Vous avez entendu parler de Globke ?
Non ?
En 1949, le juriste Hans Maria Globke a fait son entrée à la
nouvelle chancellerie allemande dans le sillage de Konrad Adenauer dont il est
rapidement devenu l’éminence grise. Il occupait un bureau voisin du sien. Tout
ce qui était important passait par lui. Chef de la chancellerie fédérale de
1953 à 1963, catholique fervent comme Adenauer, il était son plus proche
collaborateur, le serviteur dévoué et discret chargé des dossiers les plus
délicats, des affaires réservées, de la surveillance de la CDU, des enveloppes
de billets à recevoir ou à distribuer, et
des rapports avec les services secrets américains.
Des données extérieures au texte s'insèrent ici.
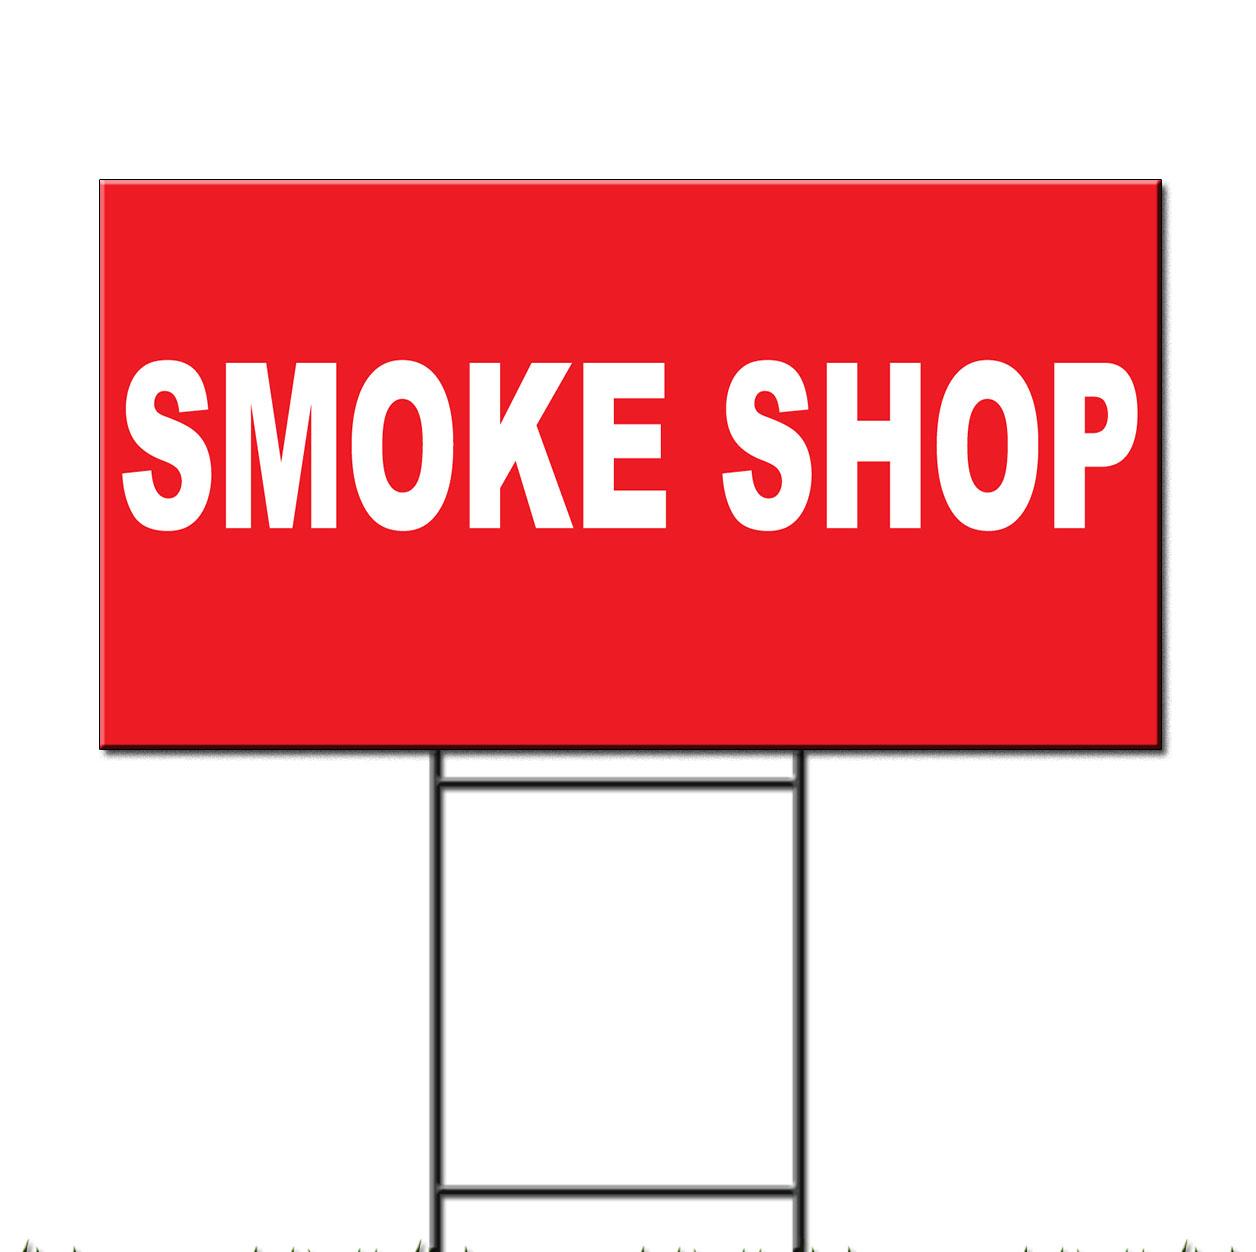 smoke shop red background corrugated plastic yard sign free stakes ebay. Black Bedroom Furniture Sets. Home Design Ideas

Ces derniers le connaissaient
bien, puisque Globke était entré en 1929 au ministère de l’intérieur d’Allemagne
comme juriste. Il a été le rédacteur des ordonnances raciales de 1936, le
spécialiste des critères permettant de dire qui était juif et qui ne l’était pas.
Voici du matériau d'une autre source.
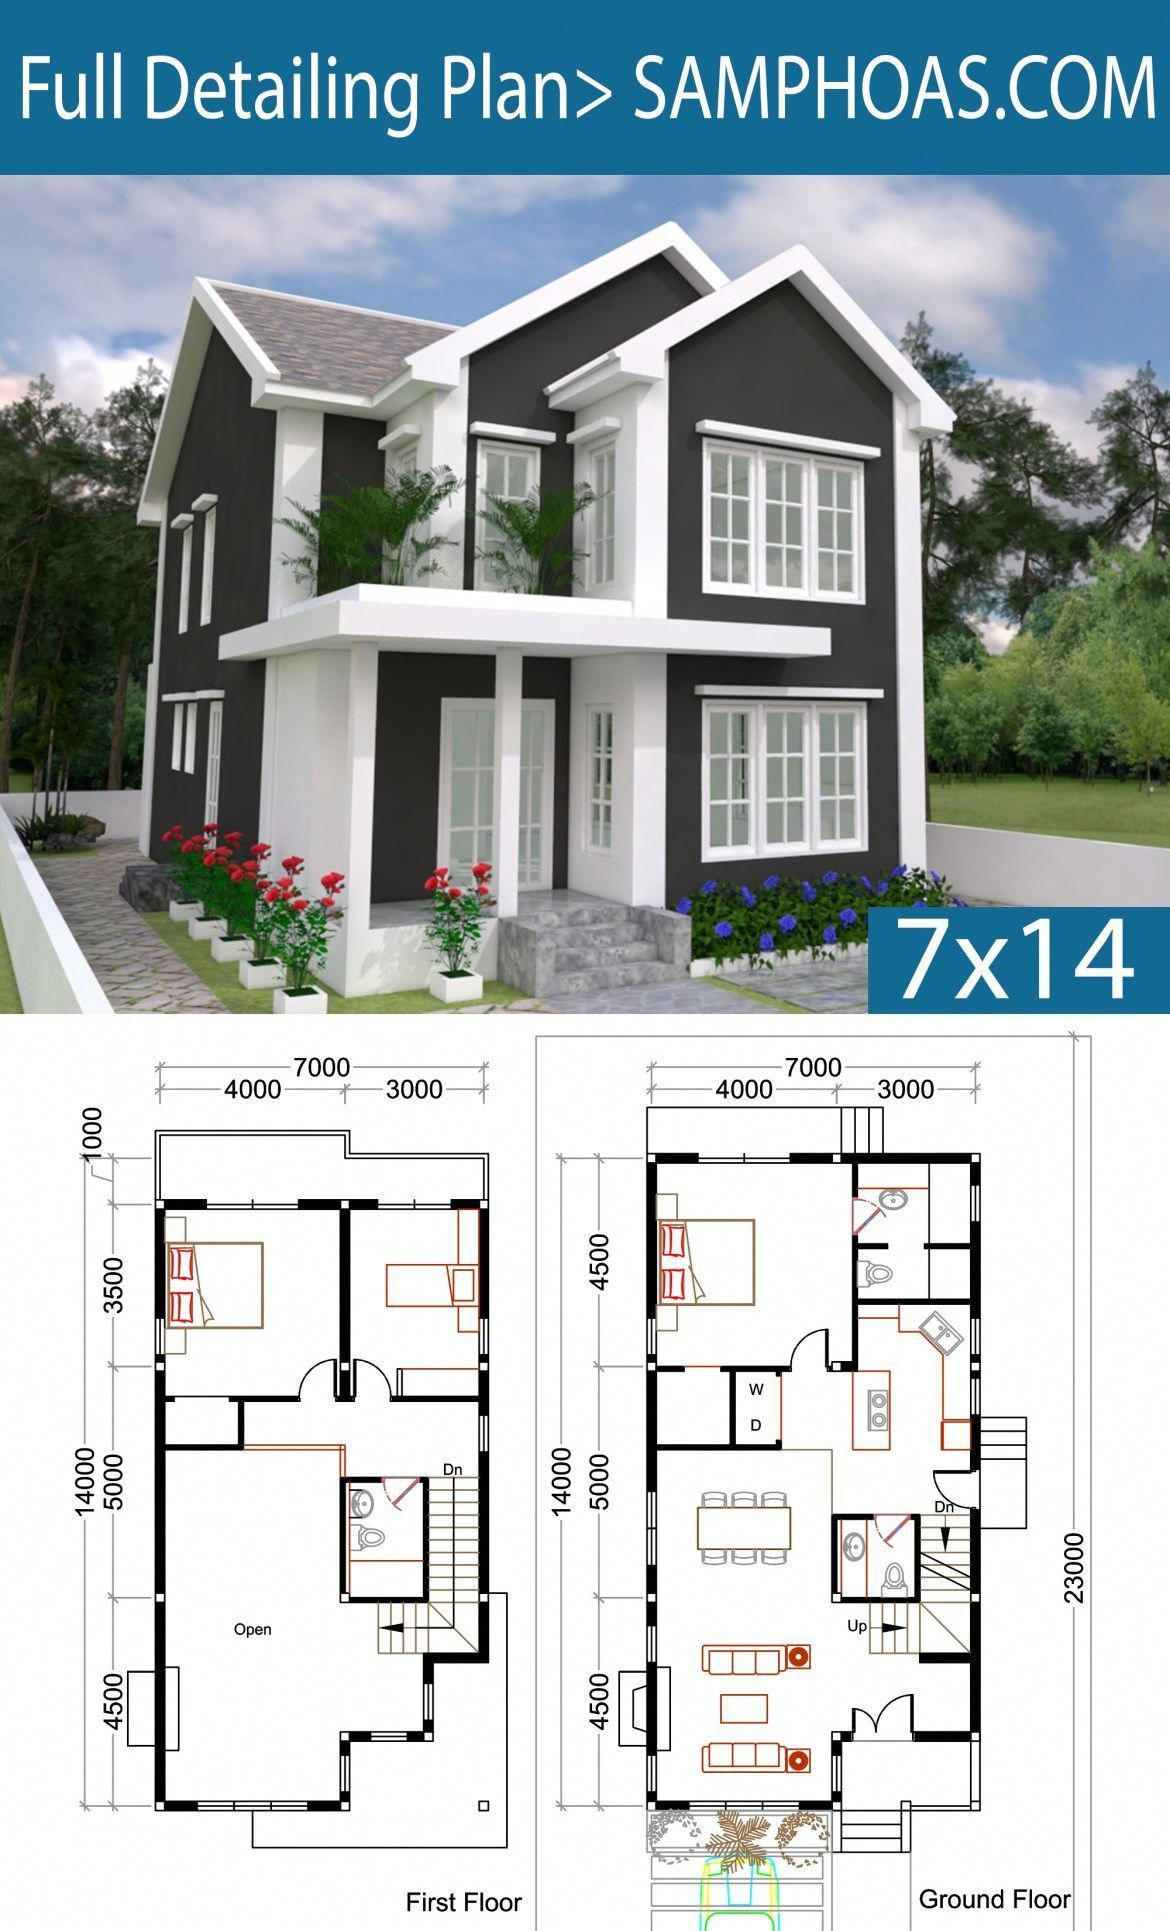 Building Remodeling Home Renovation Sites Home Improvement Wholesale 20190425 House Plans Sims House Design Sims House Plans

Son manuel juridique spécialisé qui a fait autorité pendant toute la période
nazie était un mode d’emploi déterminant
le droit de vie ou de mort.
Jürgen Bevers et Bernhard Pfletschinger, ont réalisé un
documentaire qui raconte le destin de cet homme « très souple », adaptable.
Il fallait quand même un certain savoir-faire pour transposer toutes ces horreurs
dans un contexte juridique, et c’était la spécialité de Globke qui a su
également se montrer irremplaçable auprès d’Adenauer et de la CIA, qui l’ont
protégé à plusieurs reprises, faisant disparaître des documents, empêchant en
particulier que son nom ne soit prononcé au procès d’Adolf Eichmann à
Jérusalem. Eichmann avait pourtant écrit en prison quarante feuillets
impliquant directement Globke. Il ne comprenait pas pourquoi il était condamné
à mort alors que Globke, un autre artisan de la solution finale était devenu un
des personnages les plus importants de la nouvelle Allemagne.
En 1963, Adenauer et Globke sont partis à la retraite en
même temps. Ces deux hommes ont
travaillé ensemble plusieurs heures par jour pendant plus de dix ans. Globke
souhaitait finir sa vie en Suisse, mais les autorités helvétiques n’ont pas
voulu de lui à cause du fameux manuel.